I think it awesome super interested!
I was poking around some repo's and your file format caught my eye. I have done some work trying to push a reimplementation of tar in rust with uutils to very little avail. That effort has forced me to learn more about tar and archiving than I really ever wanted to know. One of the major pain points and fragile things about tar and the tar format is the header. So much logic and parsing considerations have to go into play to ensure backwards compatibility it really dominates a lot of libraries and standards discussions.
I really like the flexibility of appending the needed information to the end of an archive or metadata file because as long as the backwards compatibility can handle the feature set you won't ever be bound by the initial header size limit decision. The trailer can just handle all future modifications.

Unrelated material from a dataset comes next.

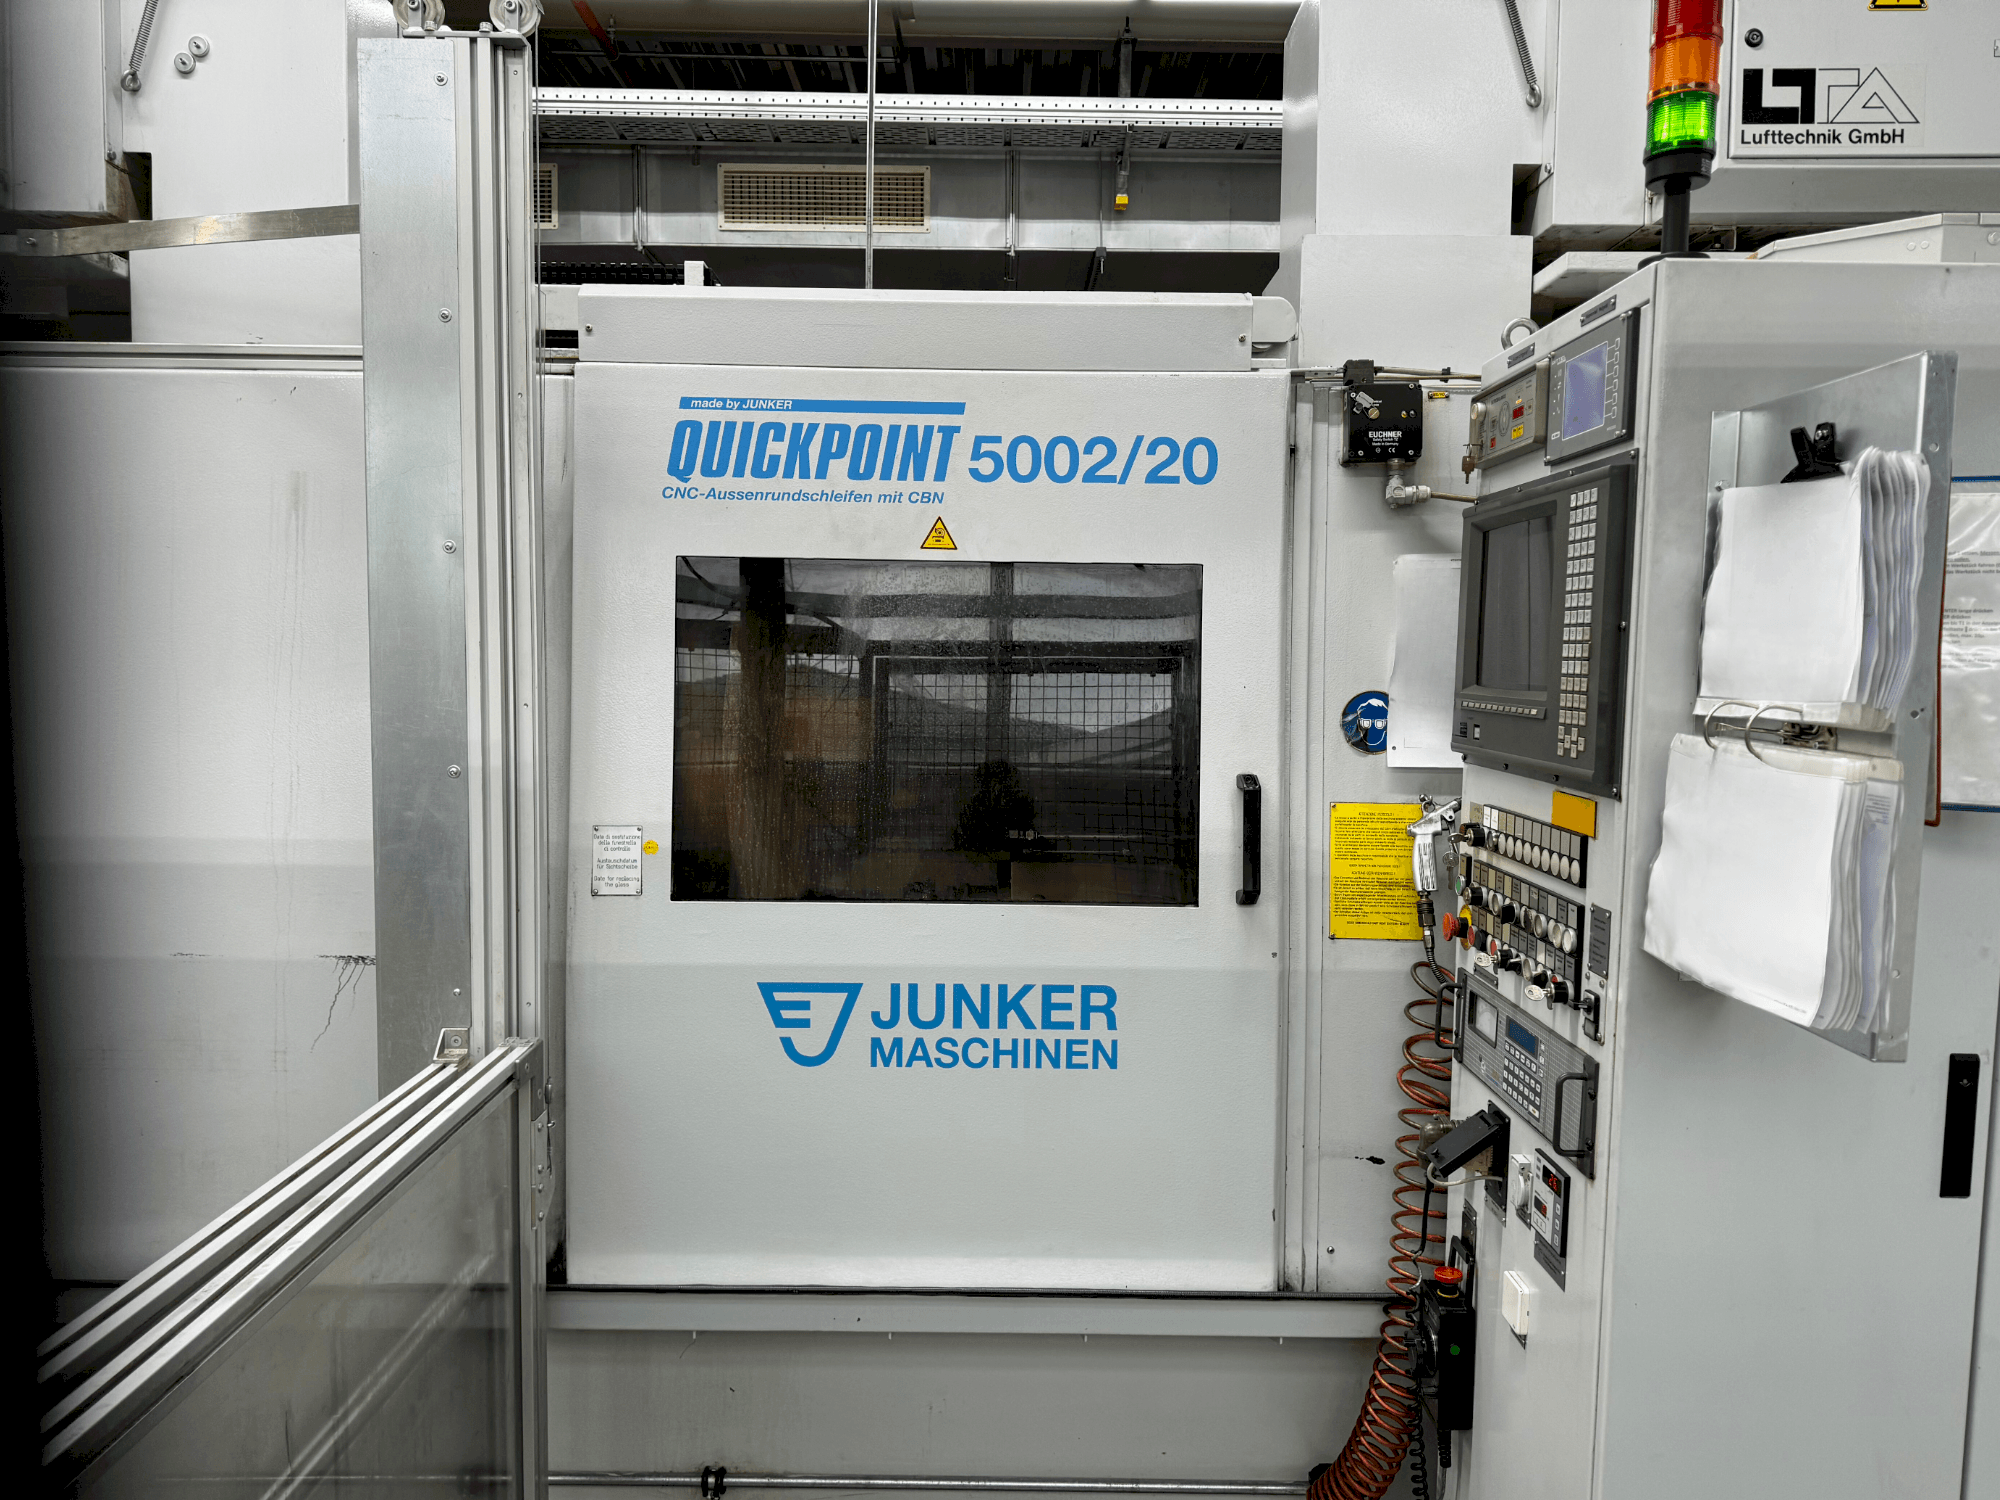 Vooraanzicht  van JUNKER Quickpoint 5002/20  machine
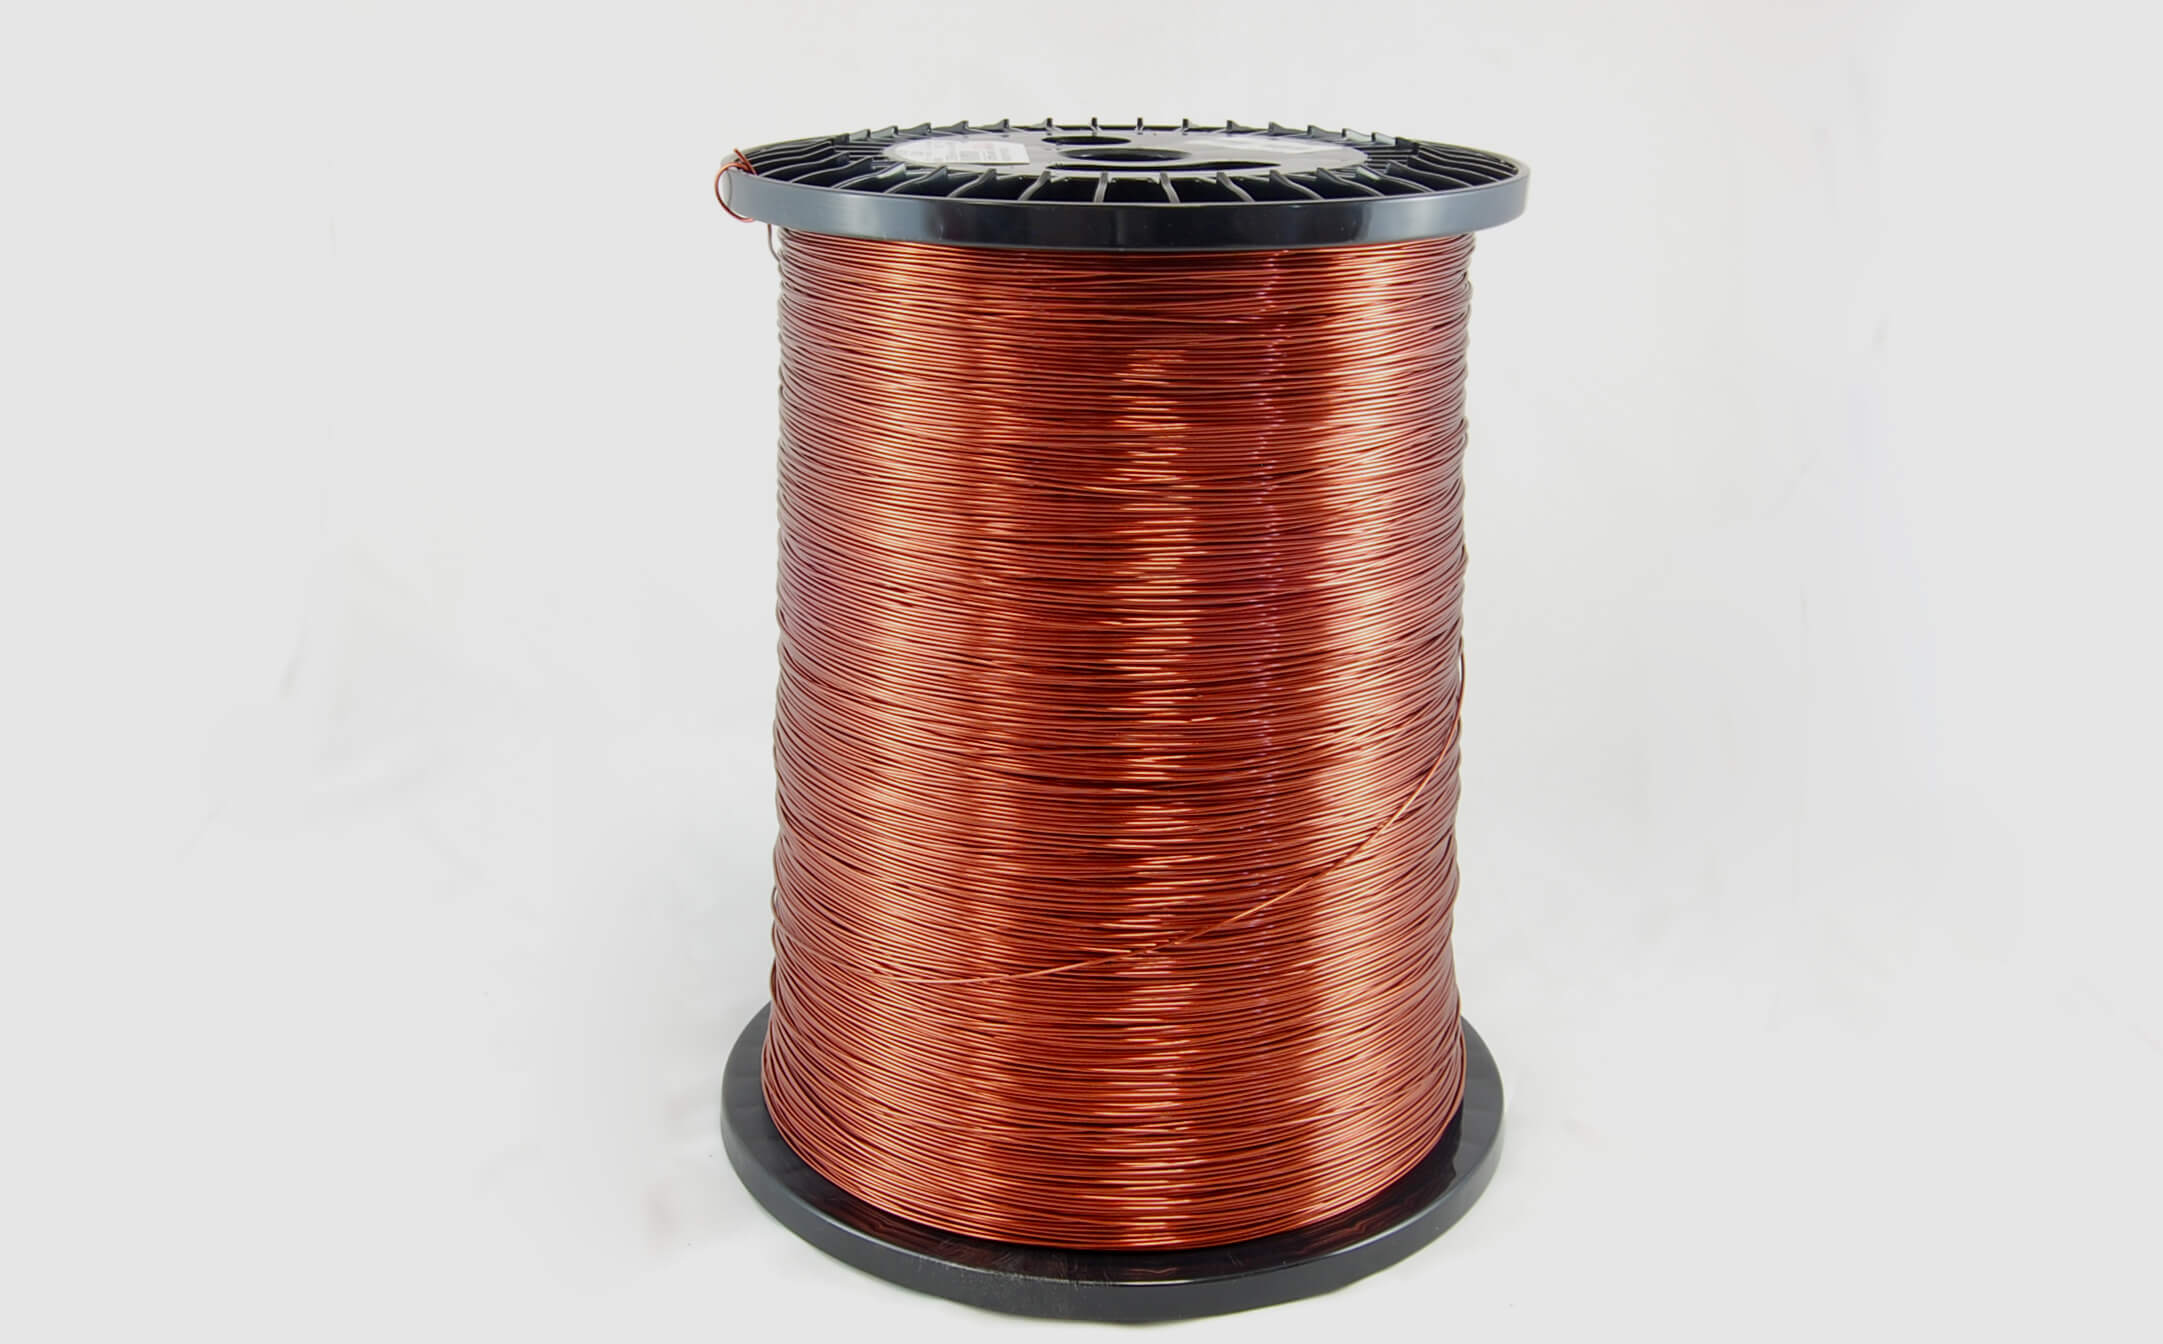 #13 Heavy Super Hyslik 200 Round HTAIH MW 35 Copper Magnet Wire 200°C, copper, 85 LB pail (average wght.)

The only reason a tar header is the way it is, is because that tar was written for tape drives where sequential access was the only way to do things so it needed to be at the beginning of the tape. The reason it has stuck around is because it is so widely supported and free. It is also a very simple format on its surface.
Which is why I think the box format could be a spiritual successor to tar.
So enough exposition, I think moving everything besides the magic and pointer to the trailer would eliminate any potential growing pains that riddle tar. In essence have the trailer contain the header information, feature flags, versioning, archive attributes, etc.
In order to do any operation the meta for the entries is contained in the trailer already, so the archive meta which the header contained would be already be local to that operation. This way the format is free to add flags and versioning without any fear of running into entry space issues after the first 32 bytes. The header would never change so the trailer is free to change.
Preempting the trailer with the version and feature flags would also make the trailer contain the information to interpret the rest of the trailer, like version enum dispatch, or compression loading. Taking advantage of the locality of the options and control flow. I could go on but here is my crayon drawing thoughts of what the structs could look like:
original
post
I know more goes into parsing, reading, and writing with this change, but happy to lend a hand if this idea sounds interesting, or you have other ideas on where you want to go with Box.
I think it awesome super interested!